• [Problem to solve]:
Range to copy from the entries below: the line containing "Tetsuo Tosu as" through the line containing "Georg Jensen sterling", inclusive. Retype only those lines, exactly, without any images.

**** Data for review

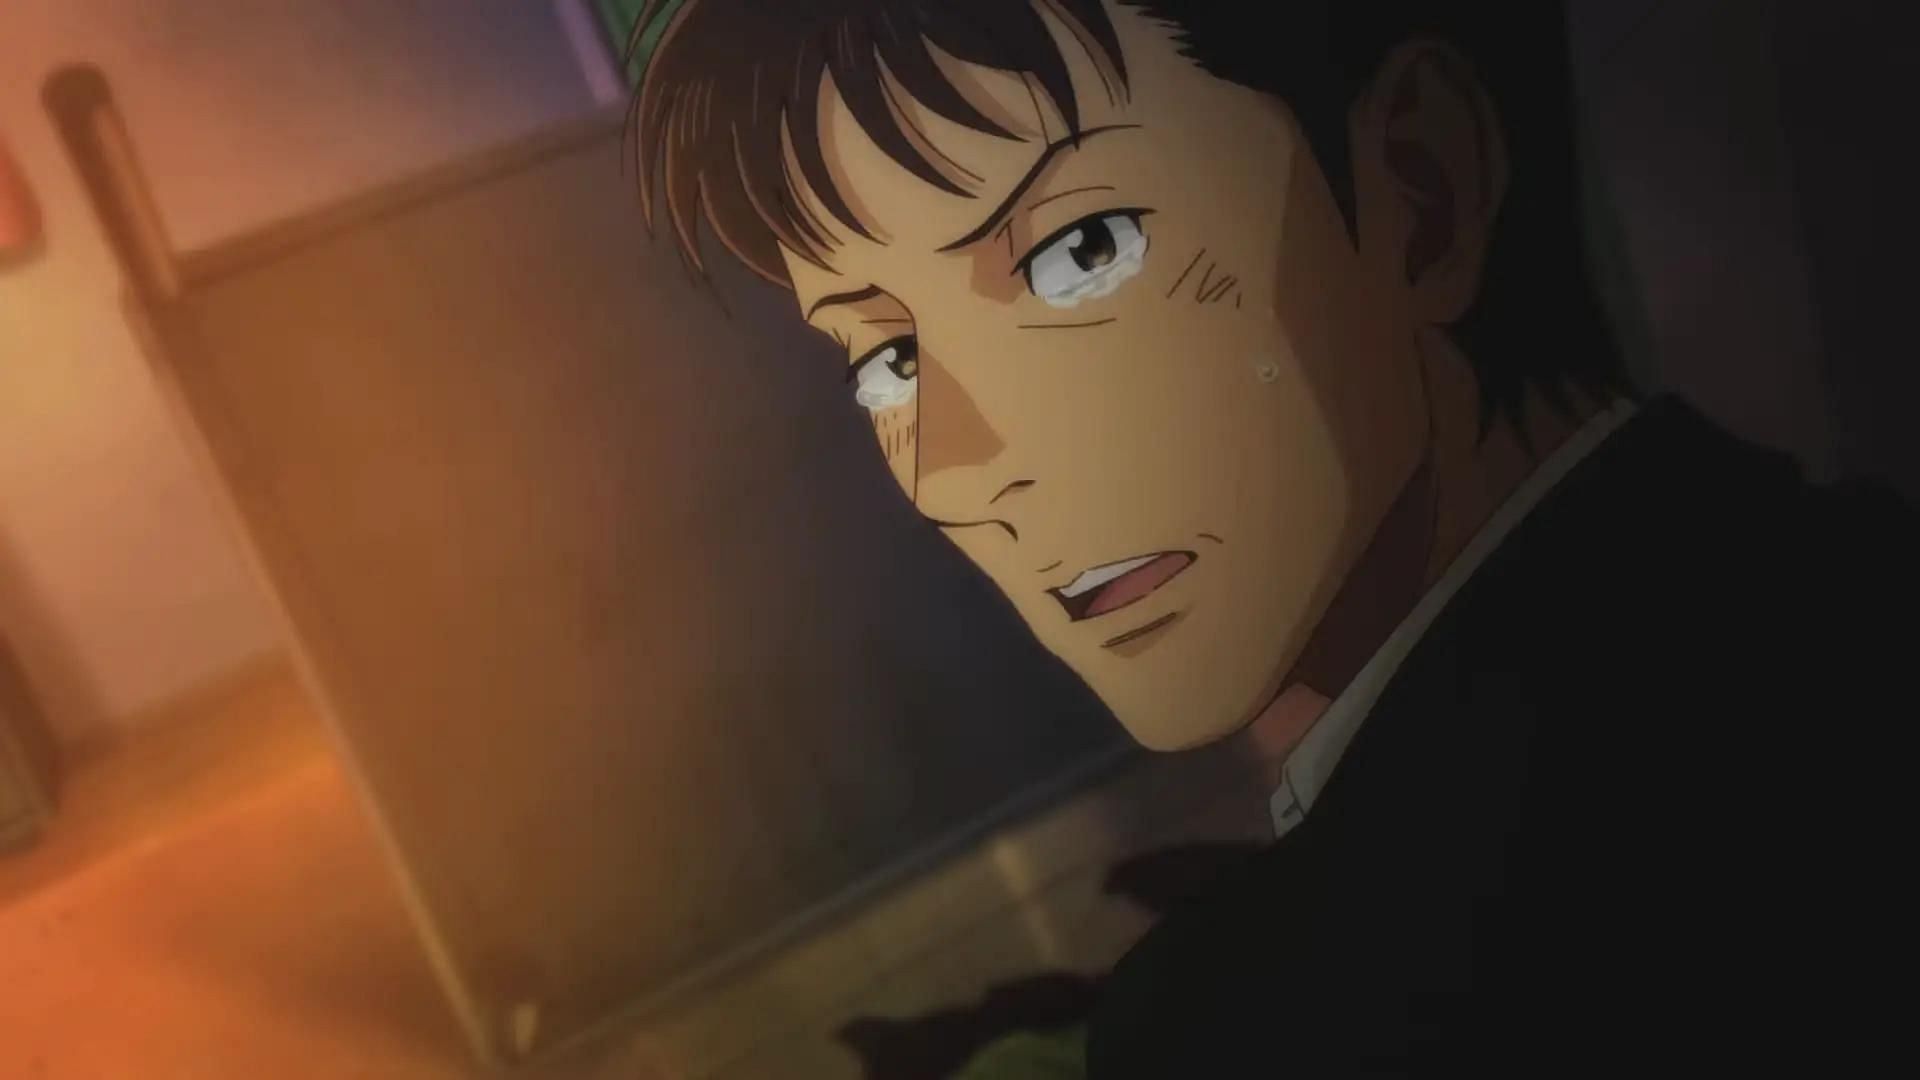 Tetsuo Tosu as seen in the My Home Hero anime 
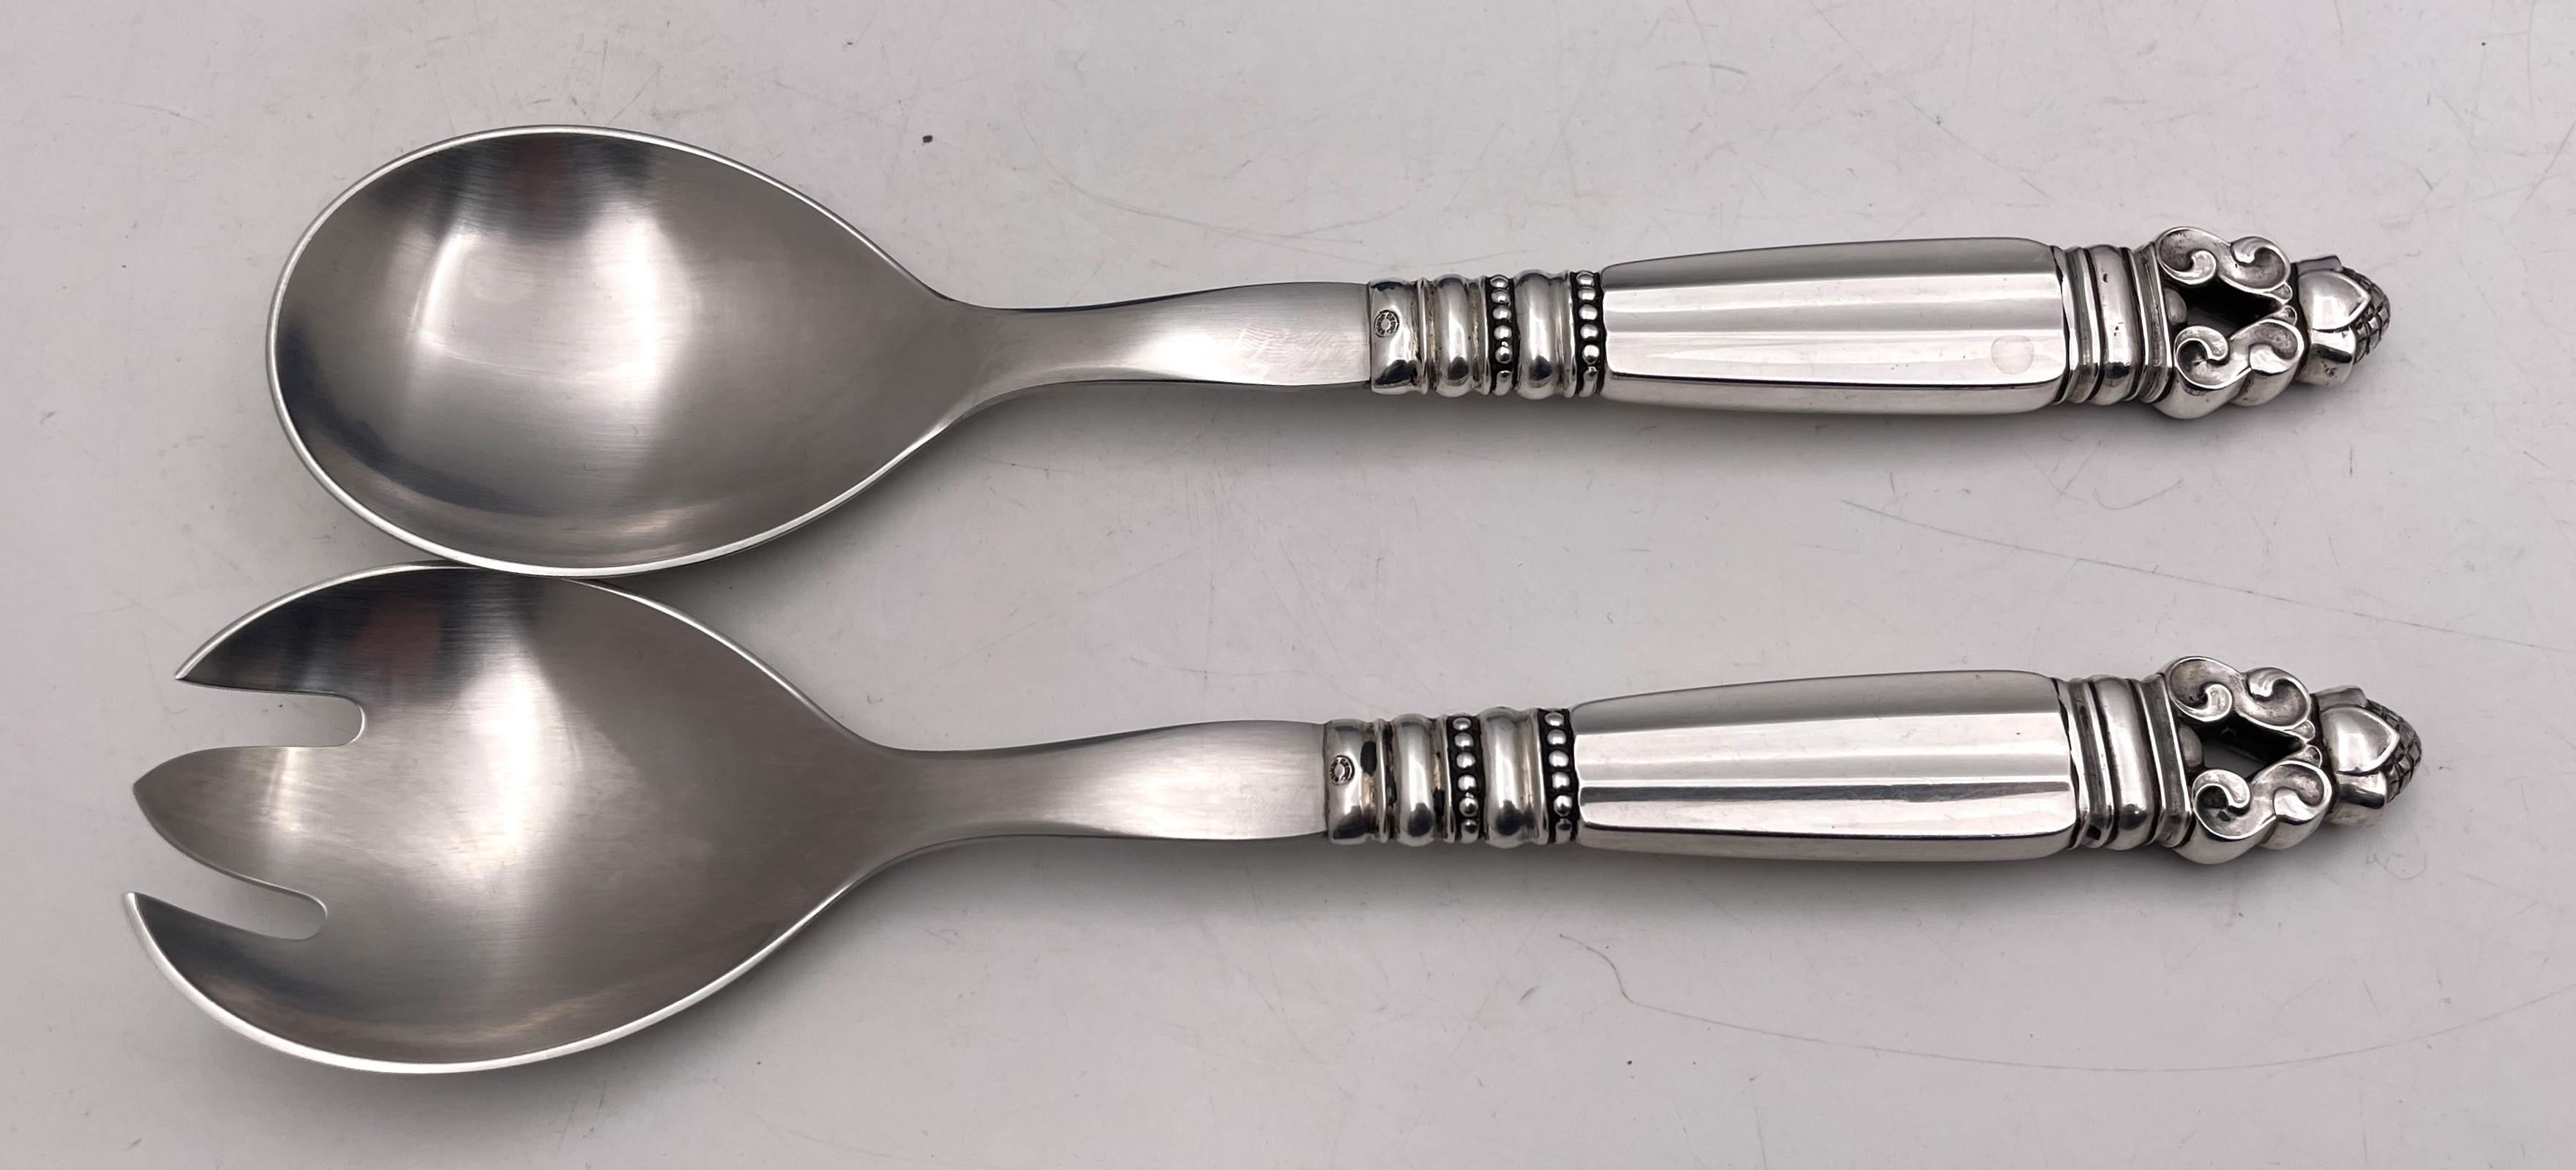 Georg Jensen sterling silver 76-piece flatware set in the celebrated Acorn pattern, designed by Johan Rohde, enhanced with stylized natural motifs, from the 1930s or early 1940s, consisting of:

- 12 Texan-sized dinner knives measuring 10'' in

********
**** Data for review

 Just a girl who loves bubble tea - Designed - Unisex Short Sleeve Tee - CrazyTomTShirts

********
**** Data for review

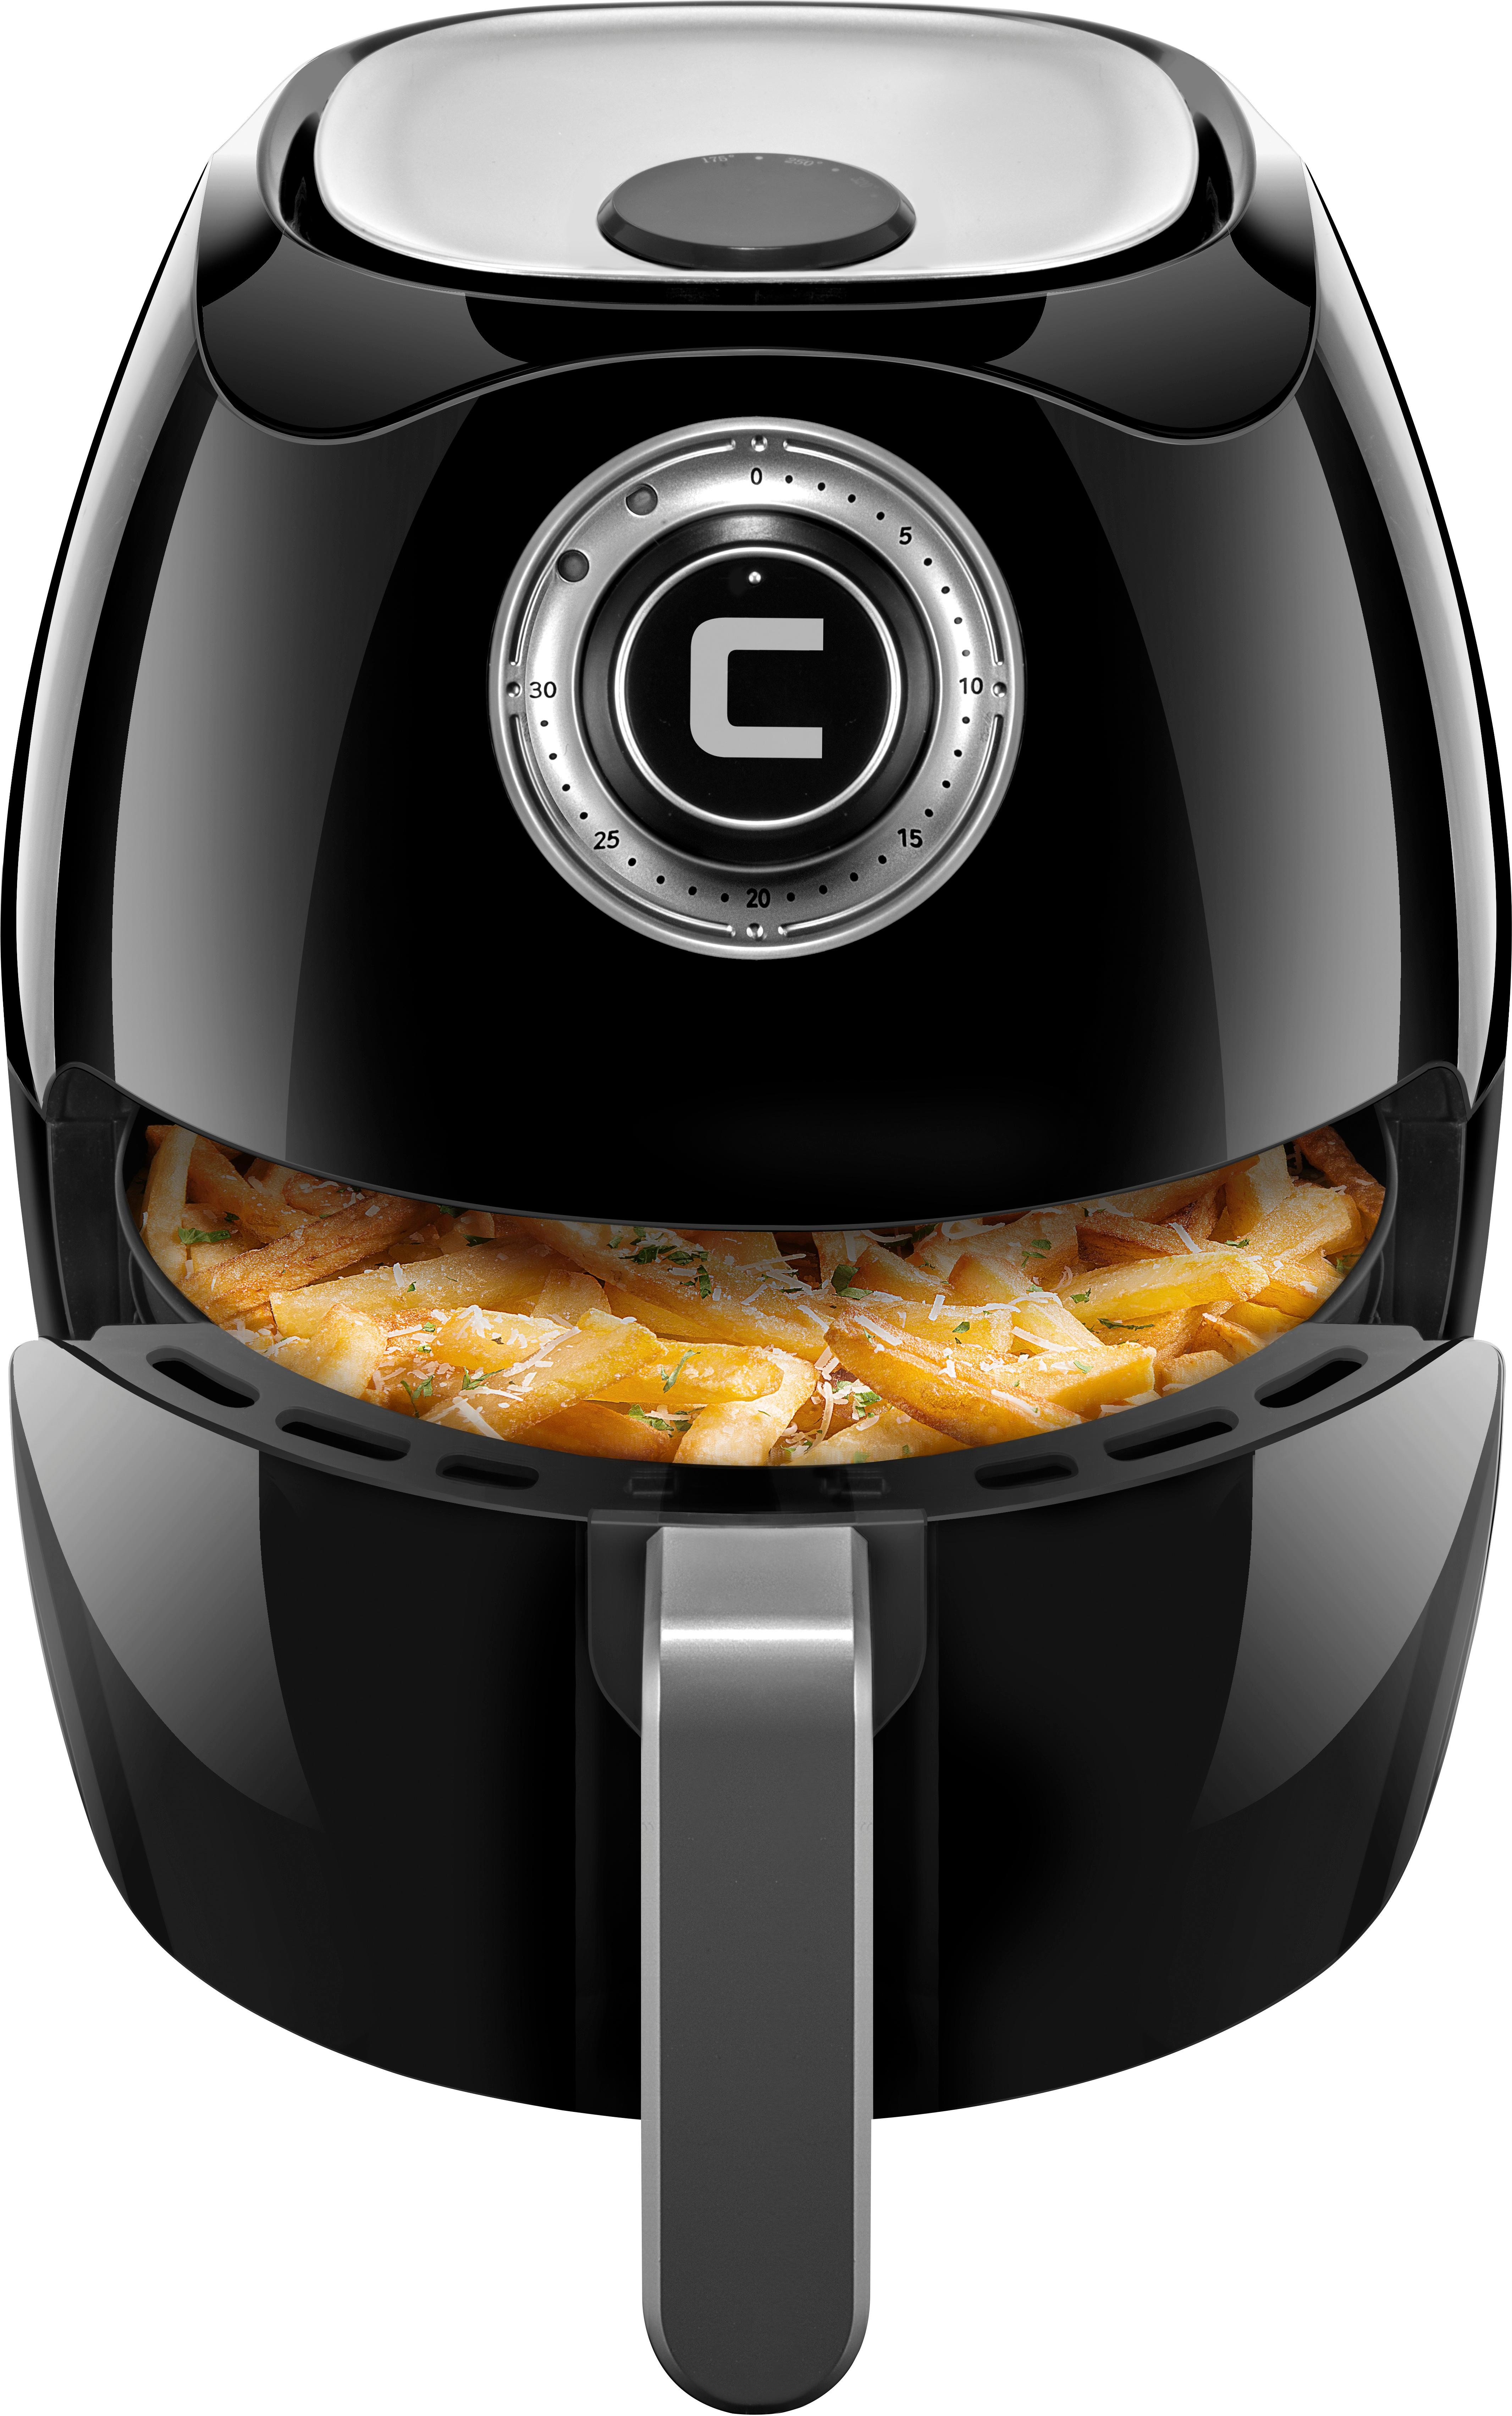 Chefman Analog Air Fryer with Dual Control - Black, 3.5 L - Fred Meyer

********

• [Written reply]:
 Tetsuo Tosu as seen in the My Home Hero anime 
 Georg Jensen sterling silver 76-piece flatware set in the celebrated Acorn pattern, designed by Johan Rohde, enhanced with stylized natural motifs, from the 1930s or early 1940s, consisting of:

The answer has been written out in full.